Gnats more than buggy problem
Published 12:17 am Monday, April 26, 2010
VIDALIA — Spring brings warm weather, flower blooms, new life and buffalo gnats.
And while buffalo gnats are annoying to humans, they can be deadly to poultry, from backyard chickens to commercial bird-raising operations.
“In the last week, (the gnats) have started getting heavy again,” Adams County Extension Service Director David Carter said. “Last year they were really bad. We lost more than 1,000 birds — poultry and birds of prey — to buffalo gnats.”
The threat the gnats pose to poultry is unique due to the birds’ anatomy.
“The gnats get in their face, and the birds breathe them in and suffocate,” Carter said.
It’s also not unheard of for the birds to die of a toxic shock caused by the insect’s bites, Carter said.
“There is more than one way they can kill birds, and both are painful,” he said.
The gnats are actually black flies, and Carter said that unlike mosquitoes, buffalo gnats have a general resistance to DEET-based insect repellents.

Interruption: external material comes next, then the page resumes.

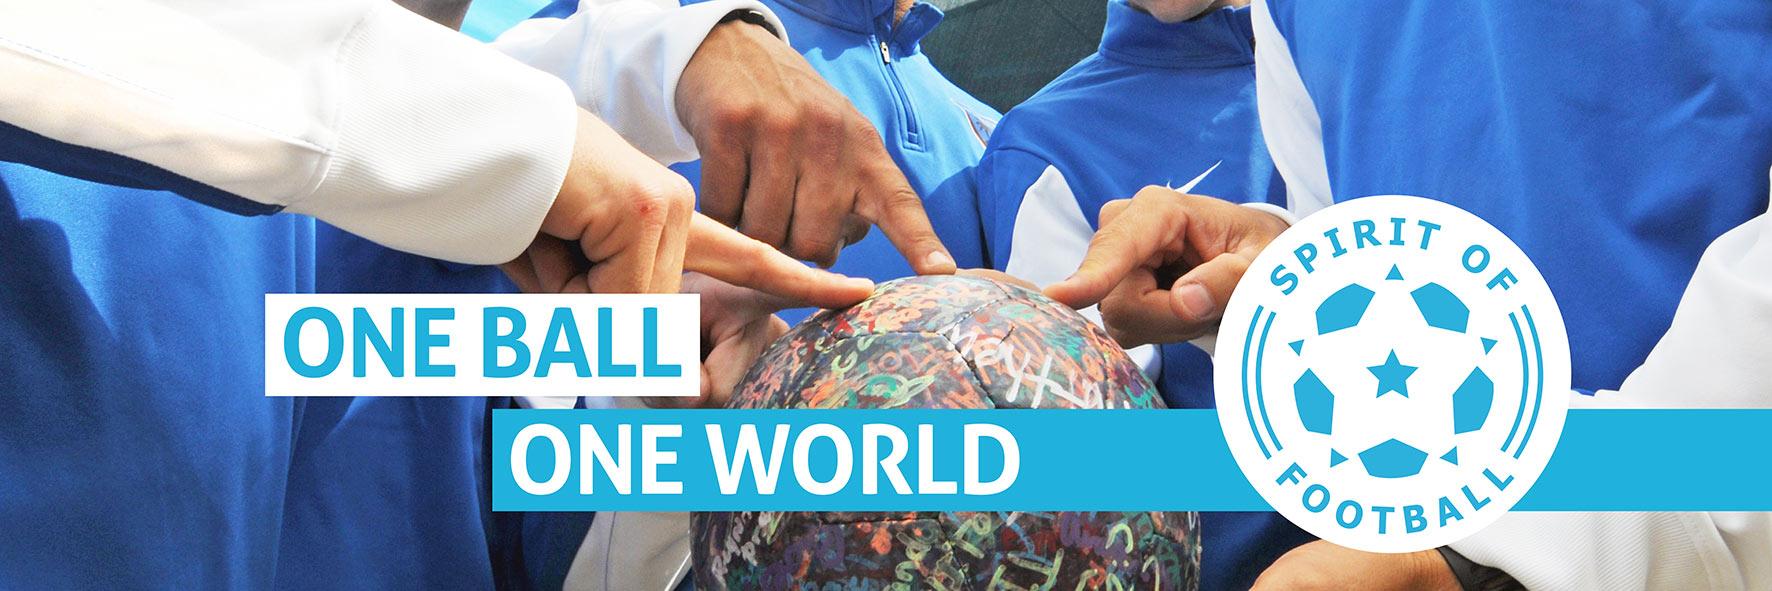 One Ball One World viele Hände

They’re also harder to kill at the egg and larval levels than mosquitoes.
“They breed and lay their eggs under water where it is moving a bit, and the only way to control them is when our water temperature levels get up to a certain temperature, that’s the only biological control,” Carter said.
“With mosquitoes, you can just dump out standing water, but buffalo gnats don’t lay their eggs on top of standing water.”
The bugs can be controlled with a permethrin spray, and Carter said some poultry producers spray their birds’ beaks to protect them.
However, to achieve maximum effectiveness, the spray will have to be applied to the area several times throughout the day.
“A lot of the bigger farms will have equipment in the barn to spray a few times, but as the average homeowner you will probably have to go out there and spray,” Carter said. “There is nothing convenient about spraying for buffalo gnats.”
It’s also a good idea to have fans to keep the air circulating around the birds, and before applying permethrin, make sure it is labeled for poultry use, he said.
While the gnats may irritate other livestock, Carter said you should just look for blistering or swelling caused by gnat bites, but that the gnats will mostly just be a nuisance to the animals.
And even though they’re annoying now, the gnats won’t be here forever. They start to die when the running water temperature reaches 75 degrees.